Gus covered the song in 1996 for the Scream soundtrack. Finnish rock (then gothic metal) band H.I.M. recorded a version of the song on their 1997 debut album Greatest Lovesongs, Vol. 666. Pop rock band the Goo Goo Dolls recorded a cover of "(Don't Fear) The Reaper" on their 1987 self-titled album. In 1992, Clint Ruin and Lydia Lunch released the extended play Don't Fear the Reaper, on which their rendition of the song appears. Apollo 440 transcribed an electronic version of the track on the 1995 debut album Millennium Fever. In 1998, Jive Bunny & the Mastermixers recorded a cover of the song on their Rock the Party album. Celtic rock band Big Country included a cover of the song on their 2001 covers album Under Cover. The Mutton Birds recorded a version for the 1996 movie The Frighteners; this version is also included on their 2002 greatest hits compilation Flock: The Best of the Mutton Birds. Folk rock band Unto Ashes issued a rendition of "(Don't Fear) The Reaper" on the 2003 album Empty into White. Alternative rock group The Beautiful South covered the song on their 2004 album Golddiggas, Headnodders and Pholk Songs. "(Don't Fear) The Reaper" was covered by hardcore punk band Snuff on their 2005 album Six of One, Half a Dozen of the Other: 1986-2002. Synthpop band Heaven 17 recorded a cover of the song on their album Before After, also released in 2005. Pat DiNizio, frontman for the Smithereens, covered the song on his 2006 solo album This Is Pat DiNizio. In 2008, jam band moe. recorded a live version of the song on their Dr. Stan's Prescription, Volume 2 album. Rock band L.A. Guns added a version of the song on their 2010 covers album Covered in Guns. Pierce the Veil covered the song on the Punk Goes Classic Rock (2010) compilation. Swedish doom metal band Candlemass covered the song on their 2010 EP Don't Fear The Reaper.
In other media
"(Don't Fear) The Reaper" appears on the soundtracks of several films and TV shows, most notably the 1978 horror film Halloween and its 2007 remake.

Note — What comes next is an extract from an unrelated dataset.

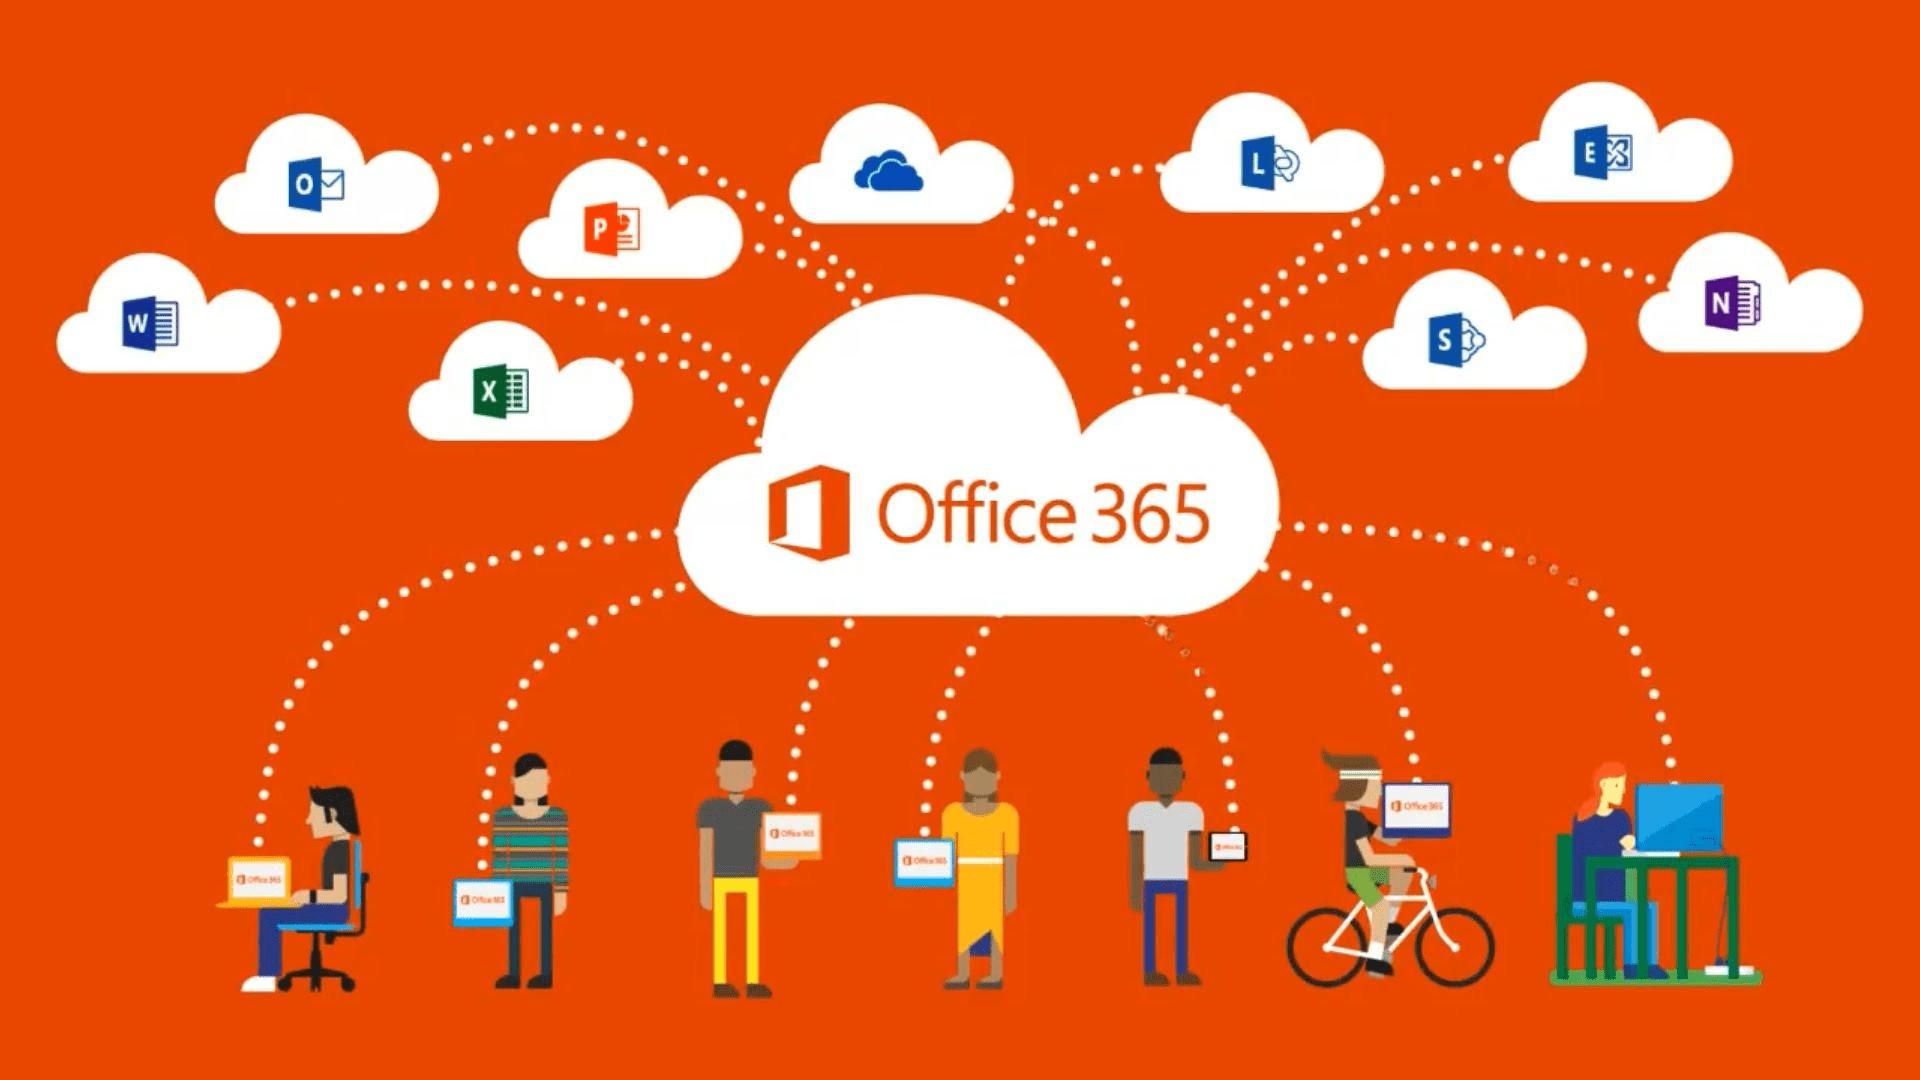 Microsoft office 365 clipart 5 » Clipart Portal.
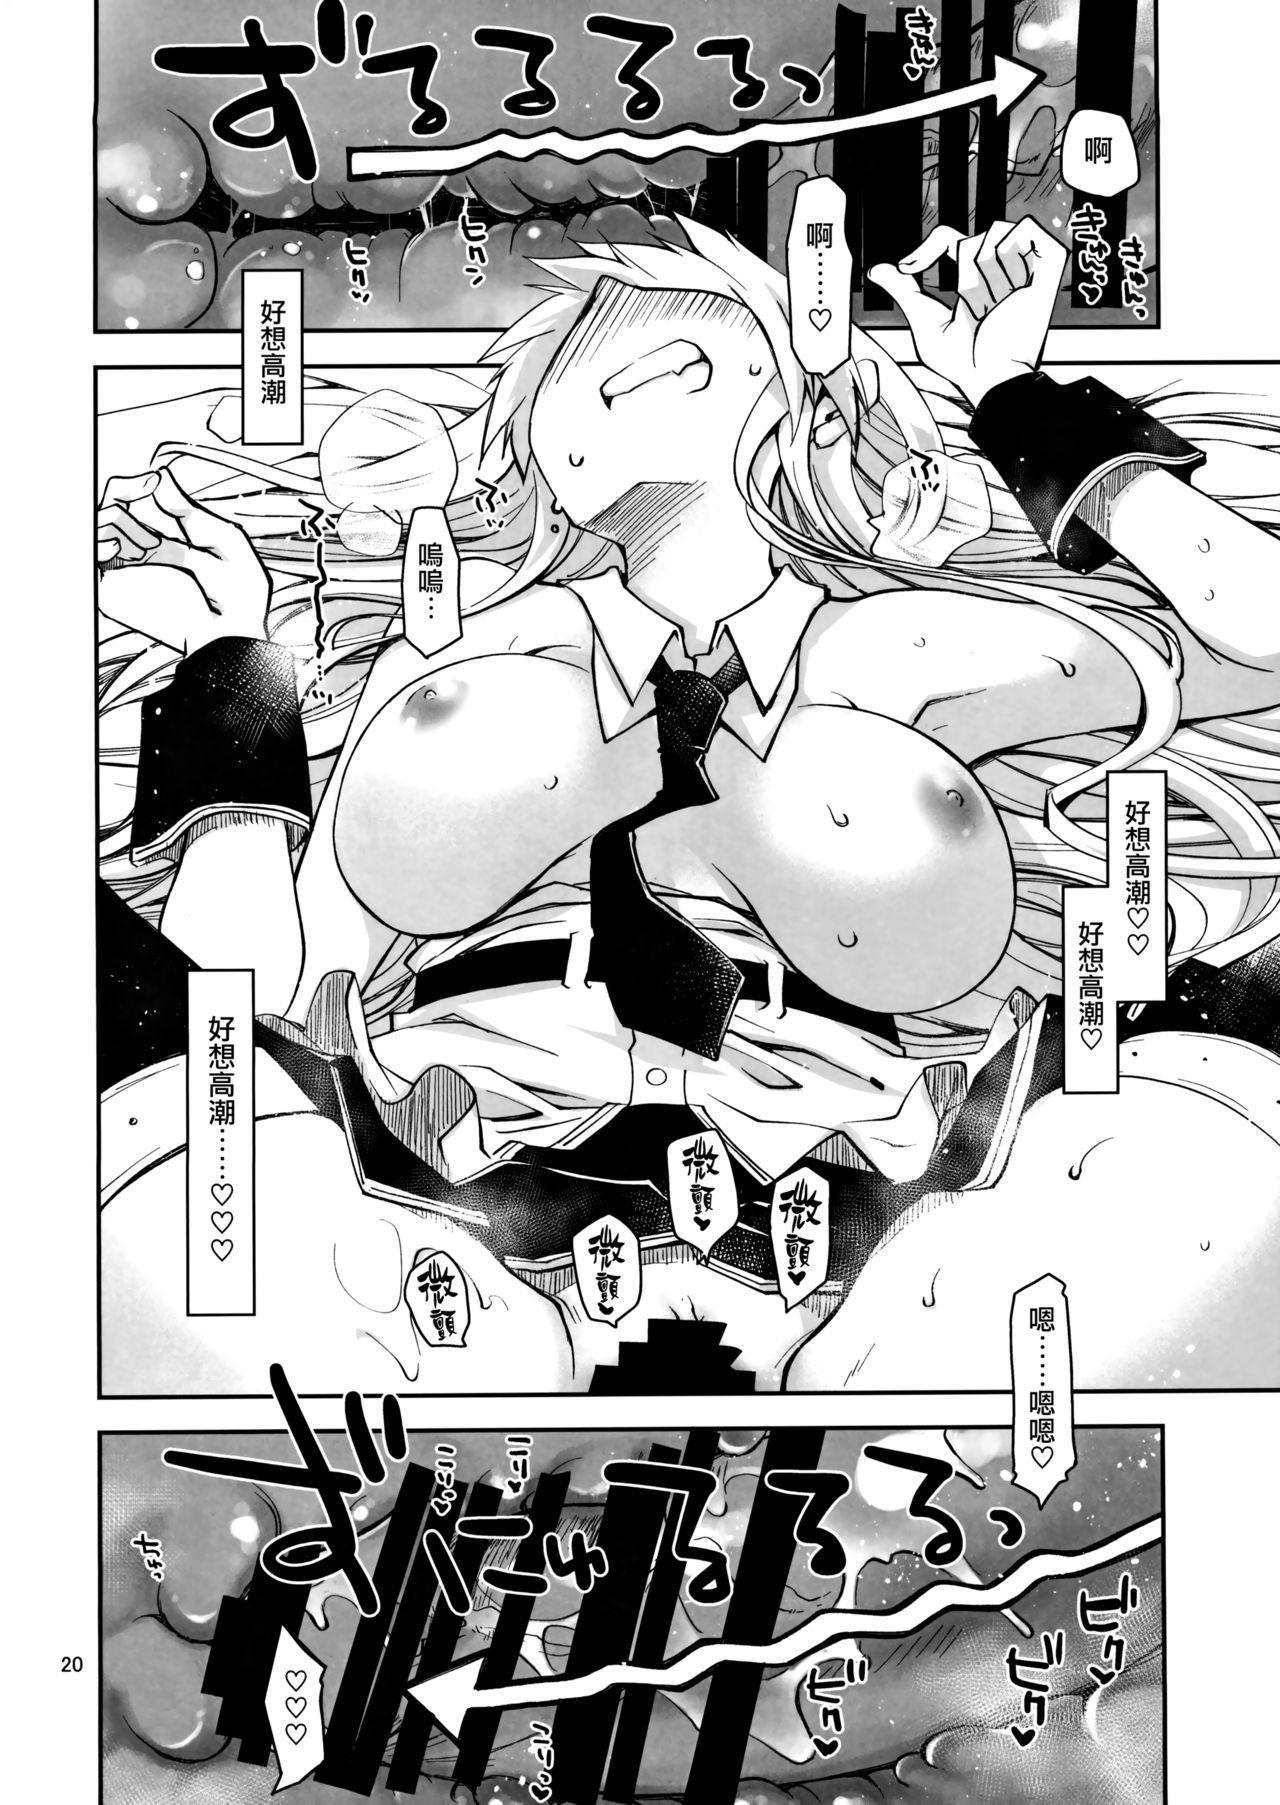 Maid in Enterprise 19

In addition, "(Don't Fear) The Reaper" was also featured in the films Gone Girl and Holding the Man, as well as the television shows Orange Is the New Black, 12 Monkeys, Parks and Recreation, Supernatural, The Americans,and Agents of S.H.I.E.L.D.. The track also appeared as the first song used in the BBC Three Sitcom Uncle starring Nick Helm
The song features prominently in the 1996 video game Ripper, appearing more than once throughout the course of the game and serving as the solution to one of the game's puzzles.
The Worthless Peons sing an a cappella version of the song in the Scrubs episode "My Lawyer's in Love."
Stephen King cited the song as the inspiration for his novel The Stand, and it appears as the theme song for the TV miniseries based on the novel. Its lyrics are also quoted at the beginning of the novel.
In Terry Pratchett's Discworld novels, Death's granddaughter Susan has the family motto Non Temetis Messor: "Don't Fear the Reaper." Pratchett's own arms, granted in 2010, has another Latin version of the phrase: Noli Timere Messorem.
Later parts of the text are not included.